> [Data supplied]:
•••
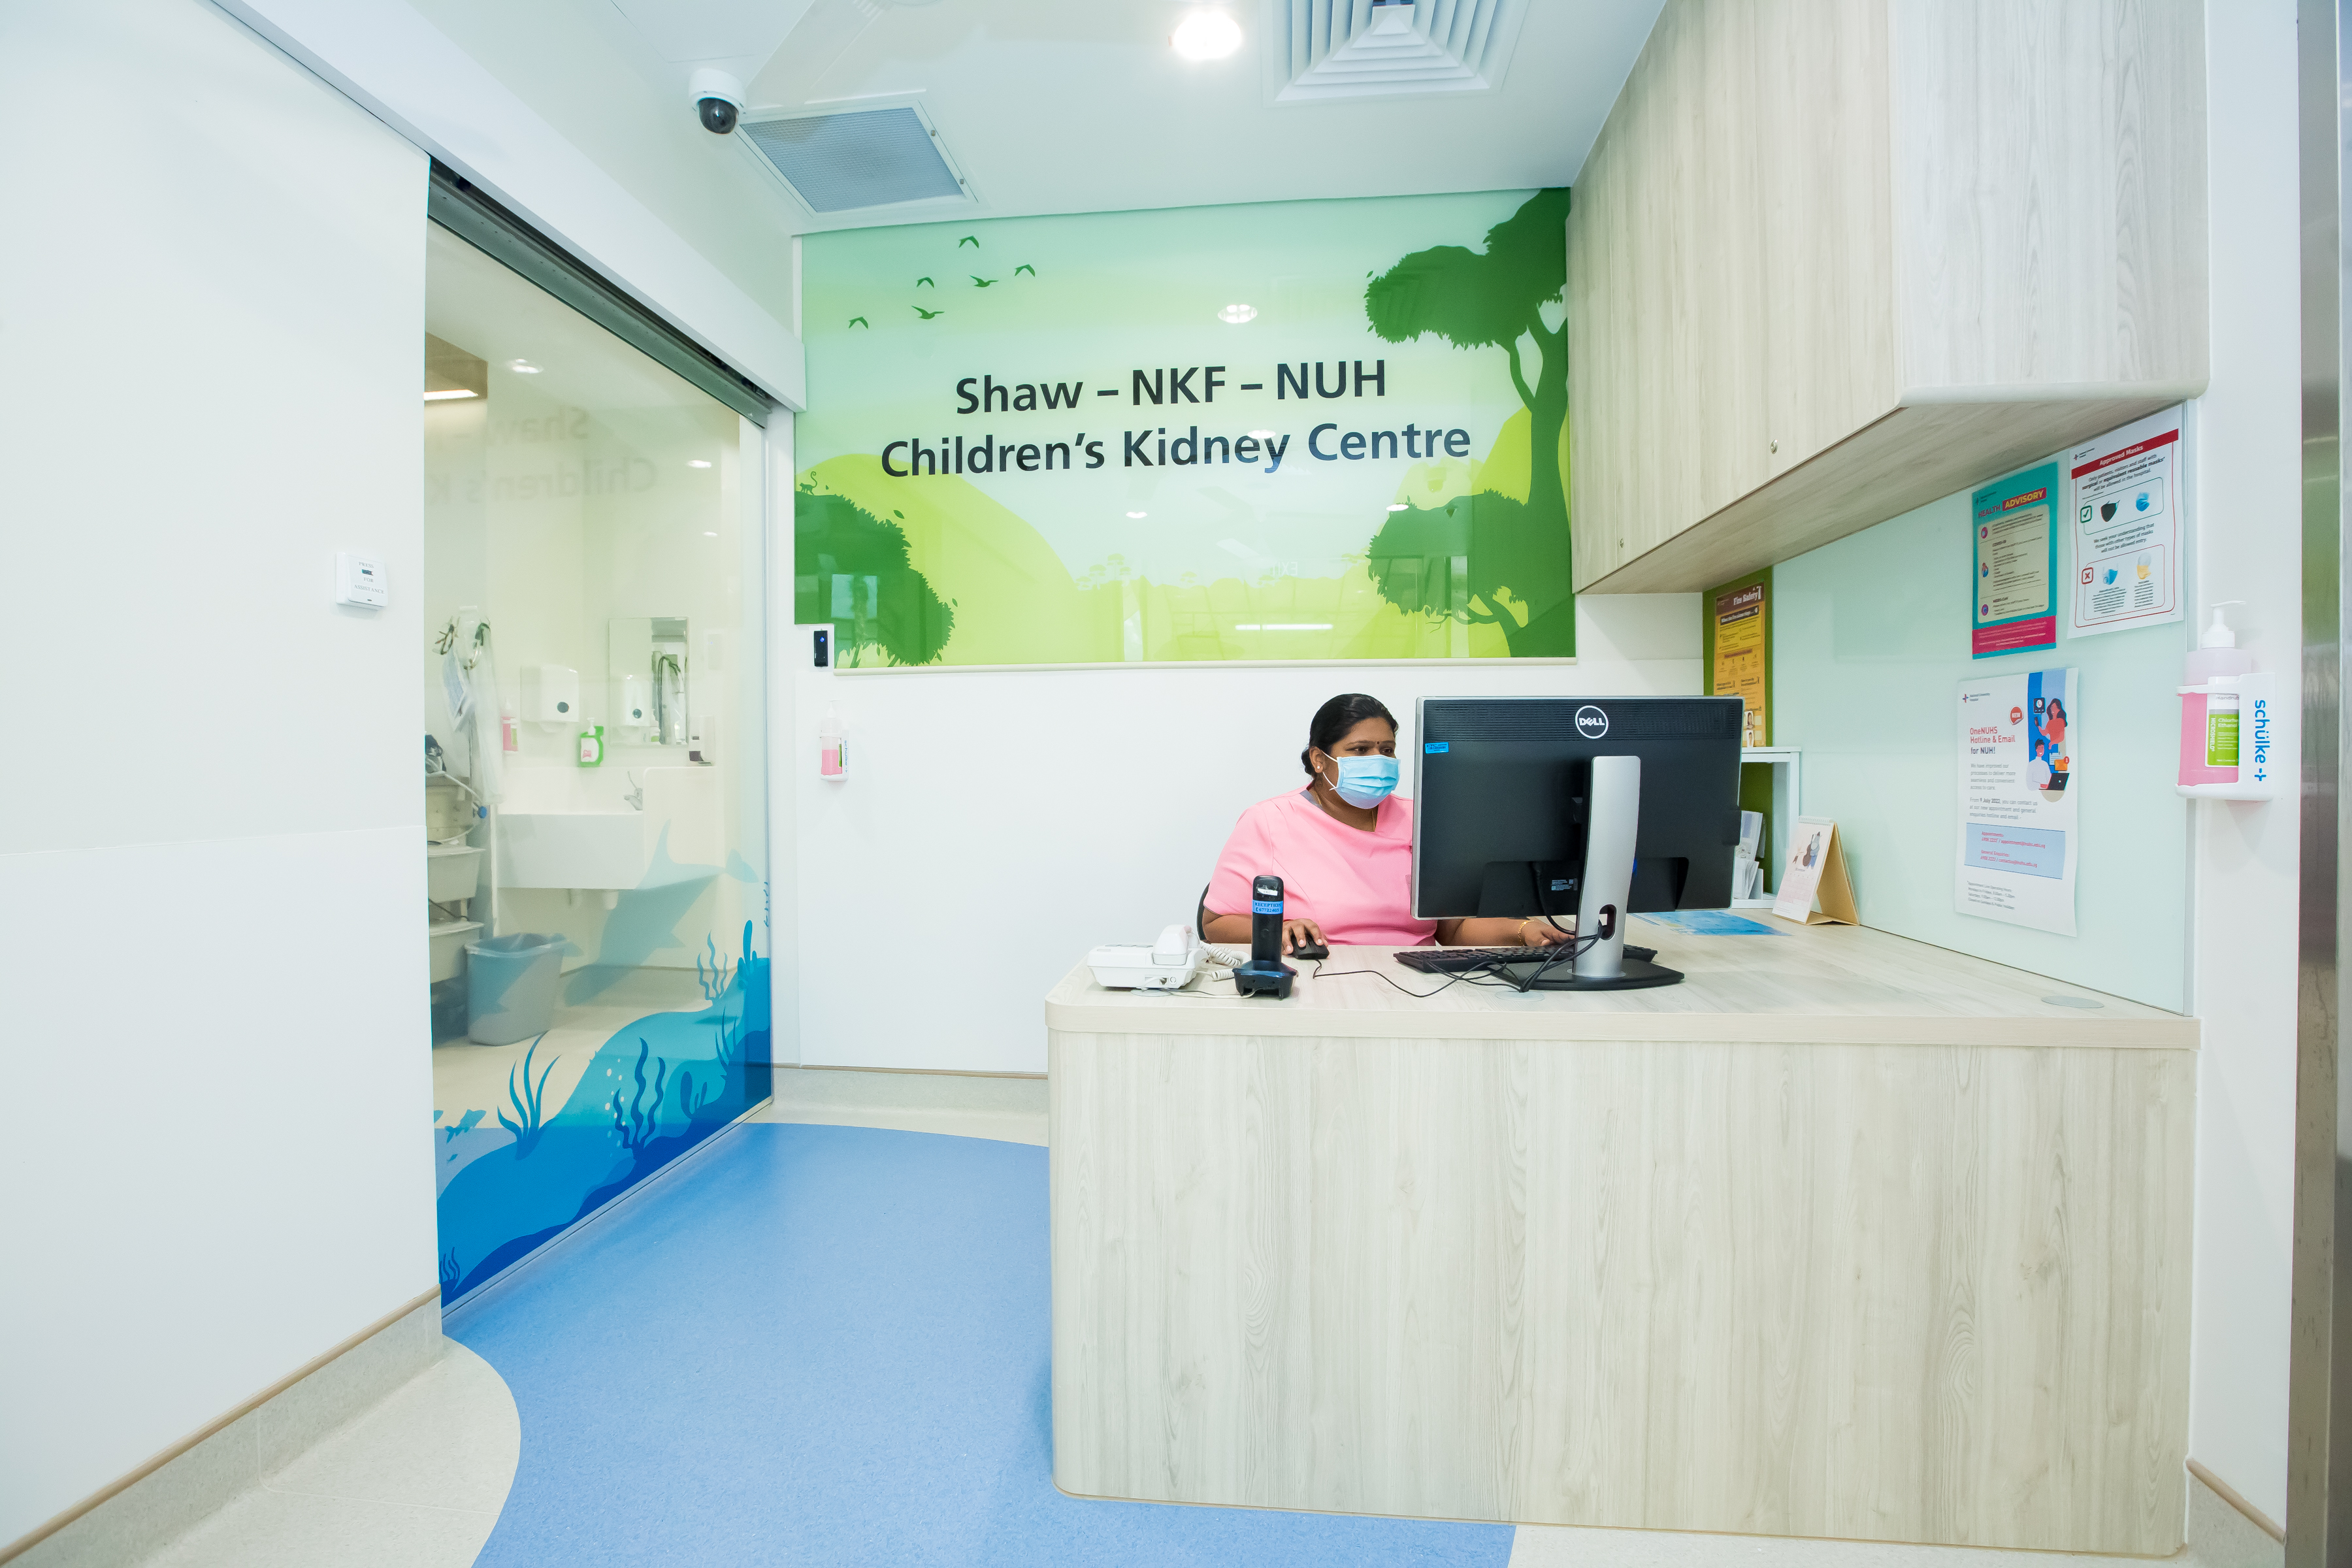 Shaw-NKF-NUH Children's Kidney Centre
•••
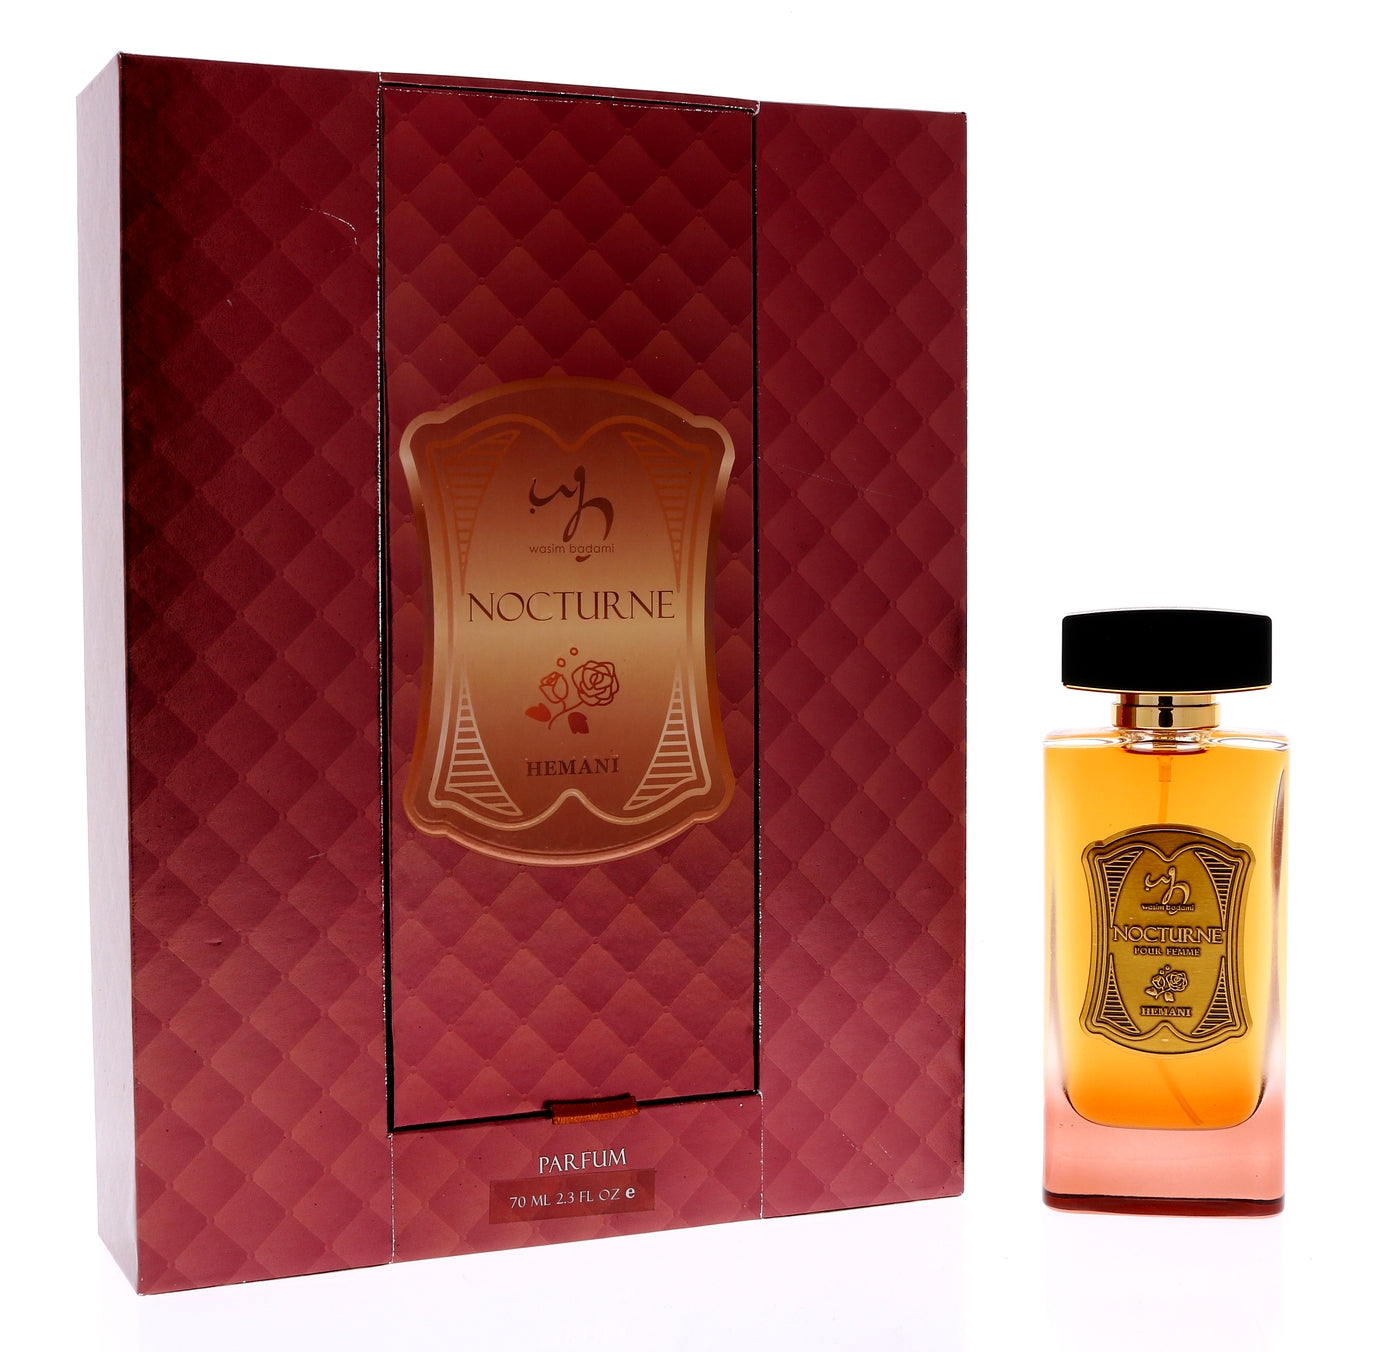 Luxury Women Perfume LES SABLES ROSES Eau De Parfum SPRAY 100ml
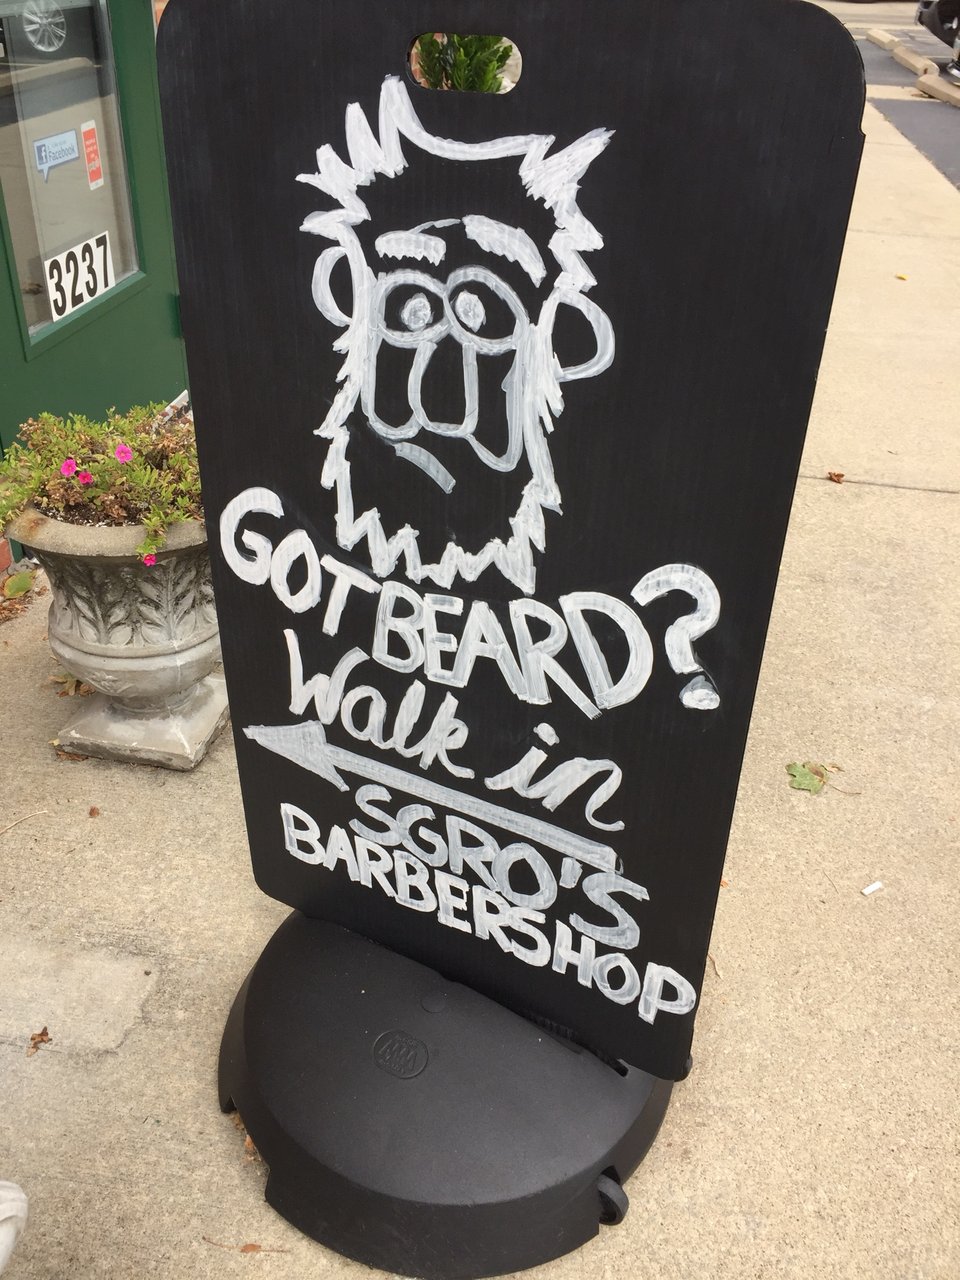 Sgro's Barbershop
•••
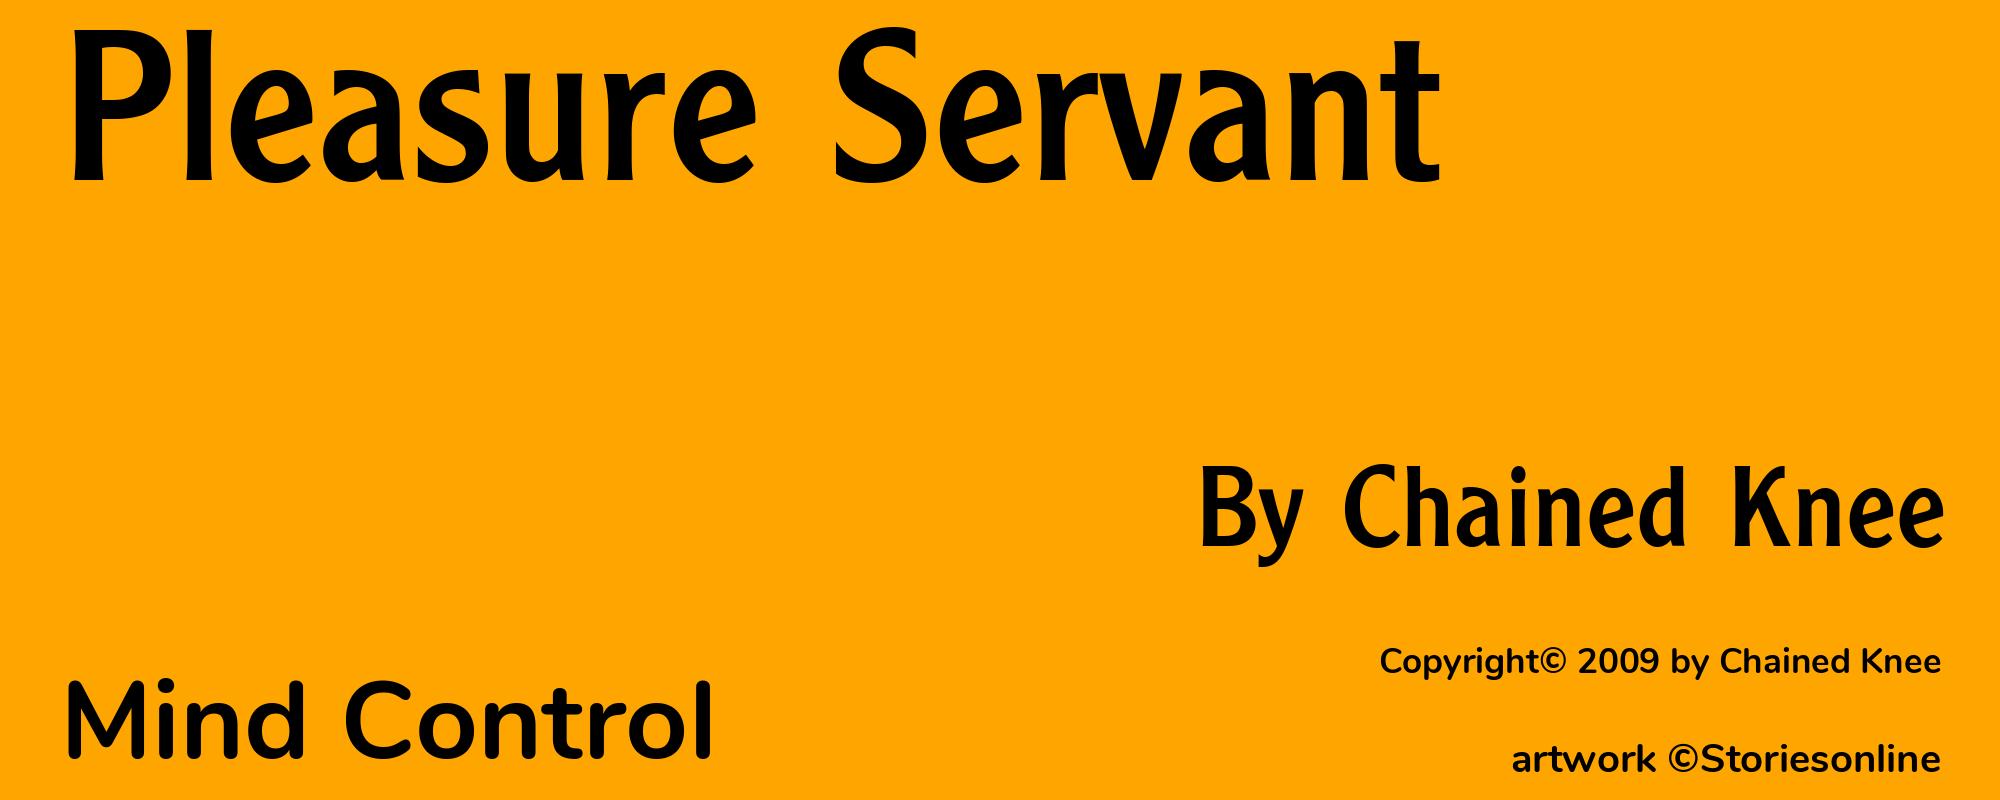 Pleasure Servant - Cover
•••
> [Aim of the task]:
Transcribe, exactly and without pictures, everything in the data from the line with "Luxury Women Perfume" down to the line with "Sgro's Barbershop", both included.

> [Response to the exercise]:
 Luxury Women Perfume LES SABLES ROSES Eau De Parfum SPRAY 100ml
 Sgro's Barbershop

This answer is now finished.